Тридцать лет неотлучного пребывания на печи сказались на его здоровье — не только телесном, но и душевном. Первыми убедились в этом калики перехожие, научившие молодца ходить, — в порыве искренней благодарности Илья стиснул одного из них в объятиях, а потом неделю просидел над свежею могилой, бия себя в грудь кулаком и роняя скупую мужскую слезу. Сотоварищи покойного решили, что бескорыстность — основа всех добрых поступков, и покинули Карачарово с не свойственной их почтенному возрасту поспешностью.
В память о спасителях Илья поклялся верой и правдой служить простому люду, искореняя зло в любых его проявлениях.
А в этом лесу, по всему видать, без зла не обошлося.
Чем не повод для подвига?! Где тут супостаты, подавай их сюда!
Звук стал нестерпимо громким, и чубарый решил: все равно пропадать! Он замер как вкопанный и только косился на хозяина — может, передумает?
— Выпь, коростель, леший, черепаха…
Чубарый для виду потоптался на месте, нарочито тяжело дыша, кусая удила, и вдруг споткнулся — действительно — о черепаху. Бедное пресмыкающееся что было сил улепетывало как раз оттуда, куда ехал Илья.
У черепахи вообще выдался страшный денек. Сперва ее схватил и поднял высоко в небеса какой-то полоумный орел. Насмотревшись на то, что вытворял с черепахами знакомый гриф, орел тоже захотел попробовать их мясца. Черепаху поймал, какую удалось, — не степную, а болотную, из ближайшего пруда. С нею в когтях хищник долго кружил над лесом, однако метод грифа все-таки подразумевал наличие: а) степи; б) валуна, на который можно сбросить добычу, чтобы расколоть ее панцирь.
Степь была далеко, орел устал, выбрал ближайшую полянку, на которой лежал замшелый валун…
Странное существо в ветвях раскидистого дуба горе-охотник заметил слишком поздно — когда оно, набравши в легкие воздух, начало протяжно свистеть. Уронив одновременно черепаху, с десяток перьев и порцию свежего помета, орел рванул подальше отсюда.
Черепаха упала — не на валун, но возле самого дуба.
Так плохо за последние триста лет ей еще никогда не было.
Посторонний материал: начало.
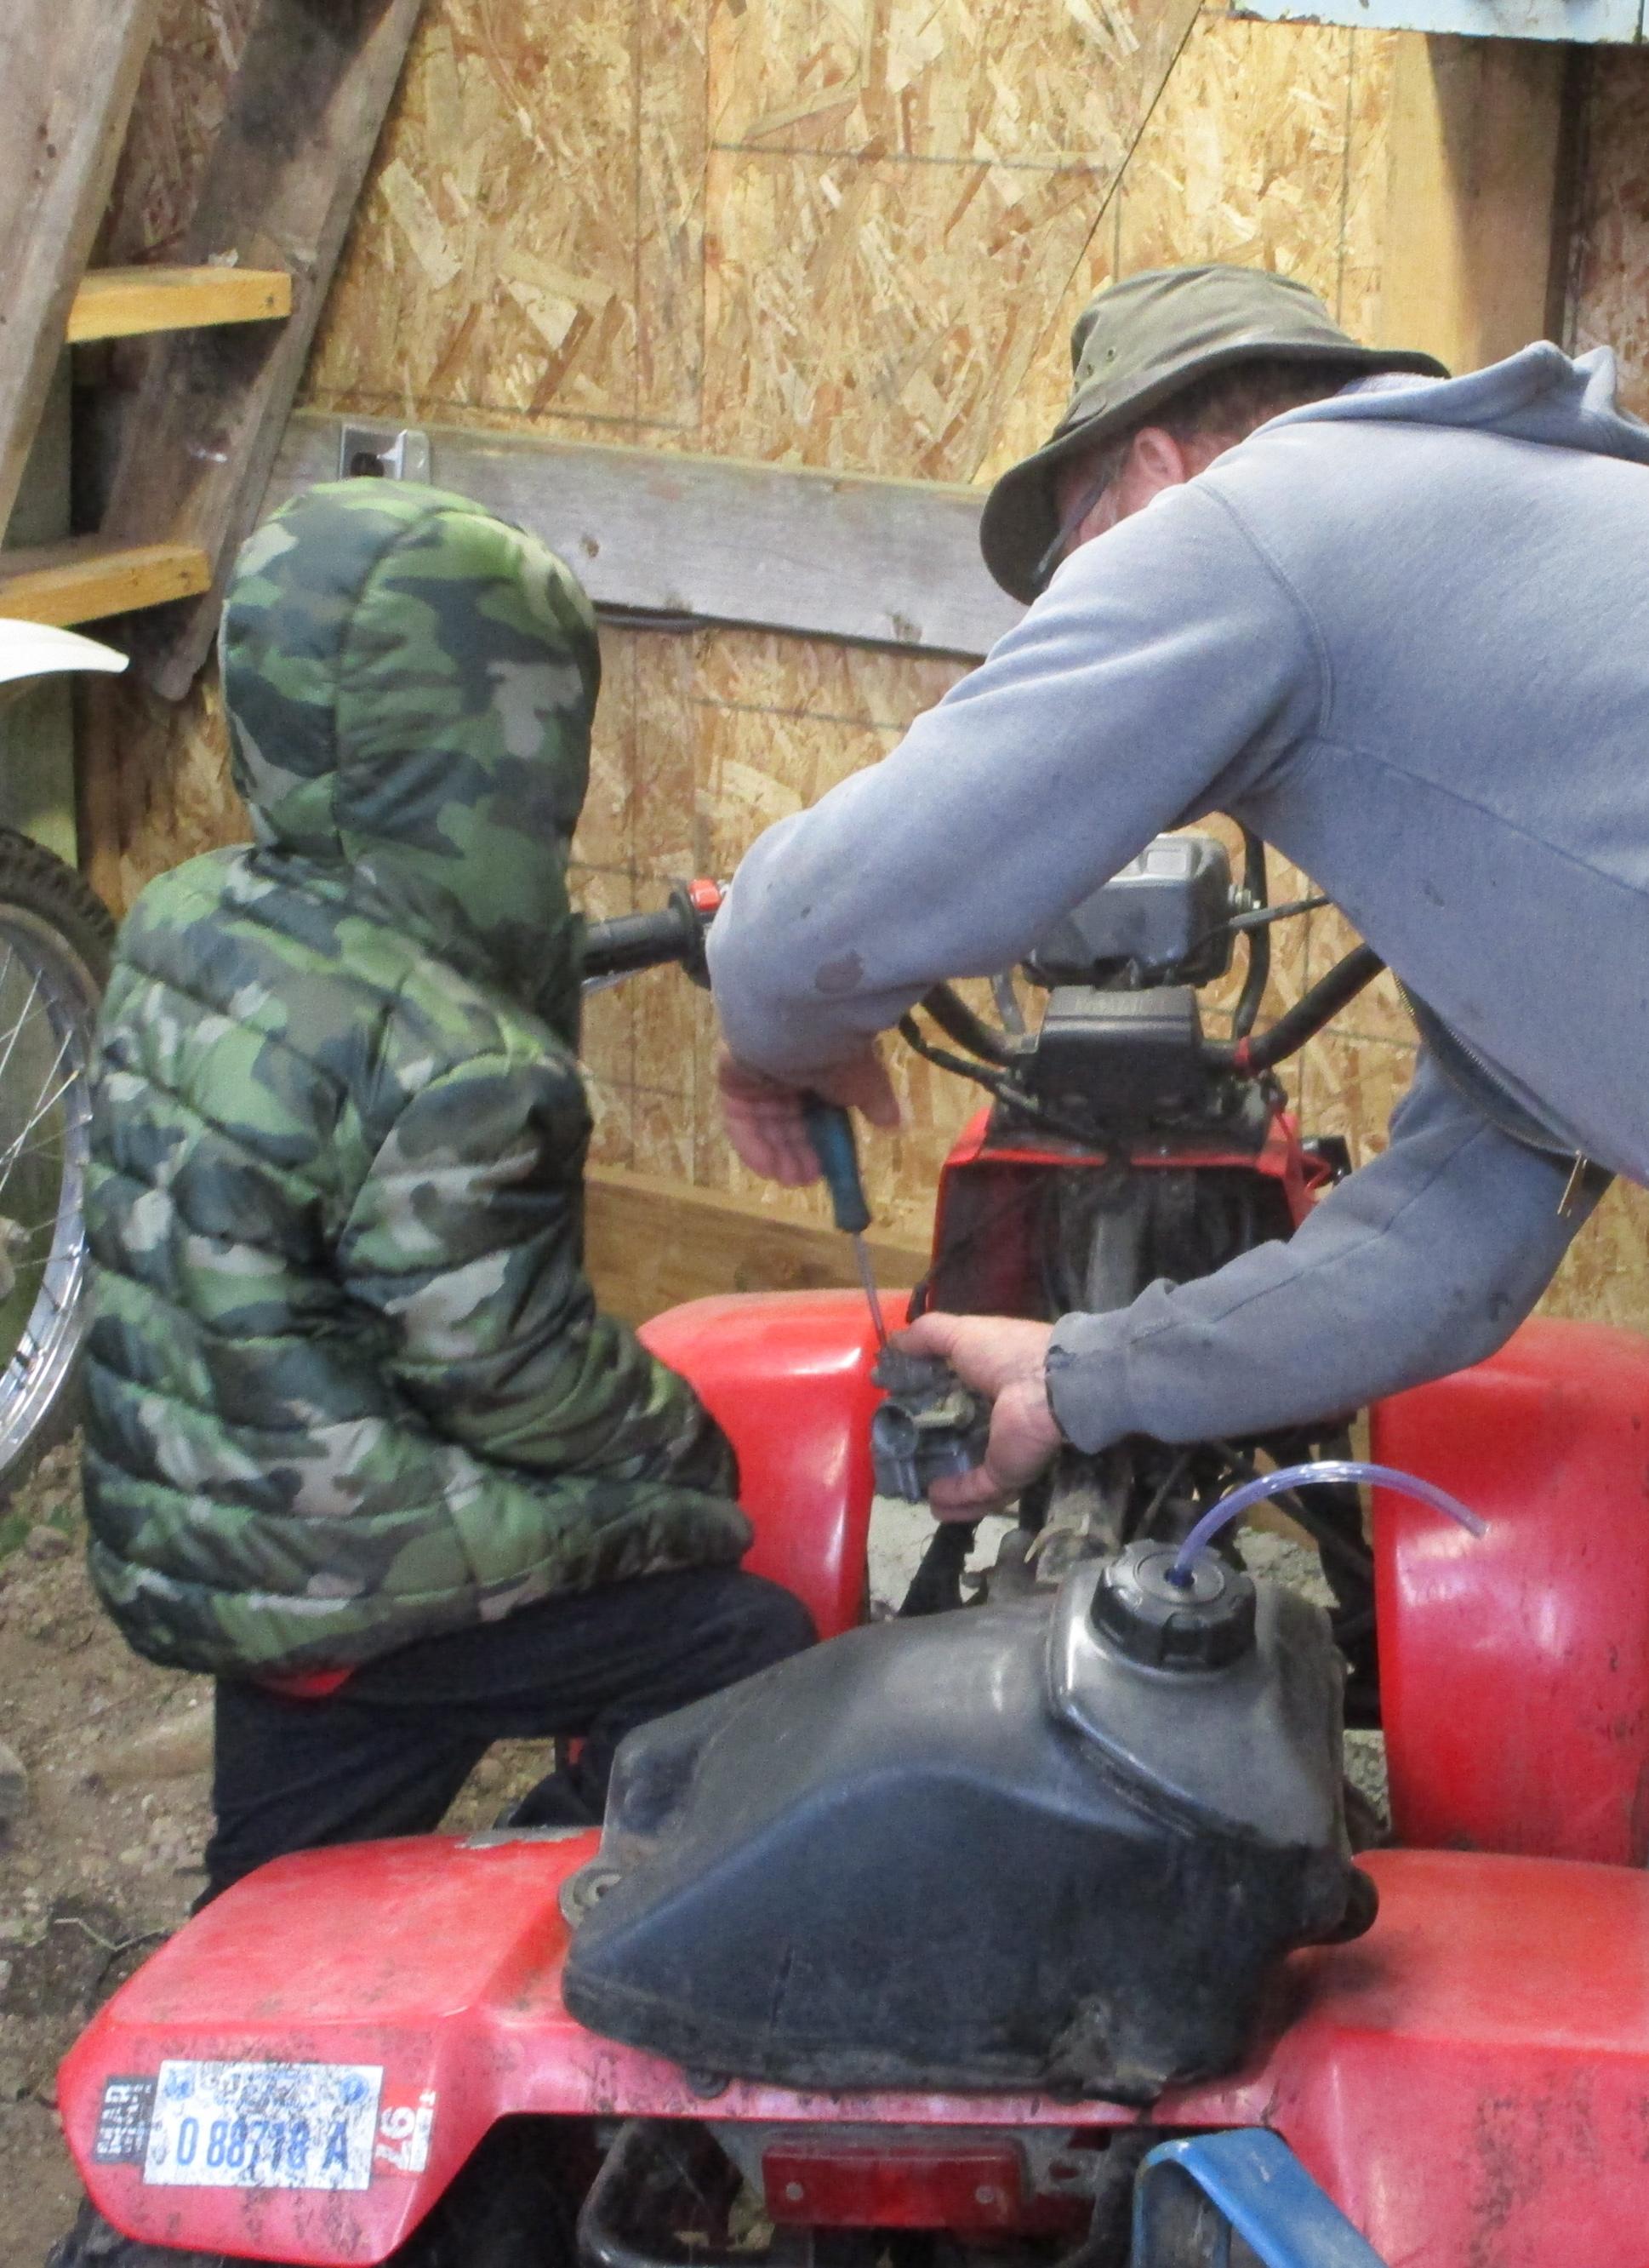 Tom showing William how to repalce quad carburator

Мучаясь от головной боли, бедняга поджала хвост и поспешила — насколько могла — в сторону спасительного леса.
Там об нее споткнулся богатырский конь.
— Что ж ты, волчья сыть, травяной мешок, спотыкаешься? — грозно поинтересовался Илья. — Ненадежный ты, подожди-тка лучше здесь. — И он спрыгнул с чубарого… прямо перед носом у черепахи.
«Ей-же-ей, лучше бы родилась бабочкой», — тоскливо размышляла та, семеня по дороге.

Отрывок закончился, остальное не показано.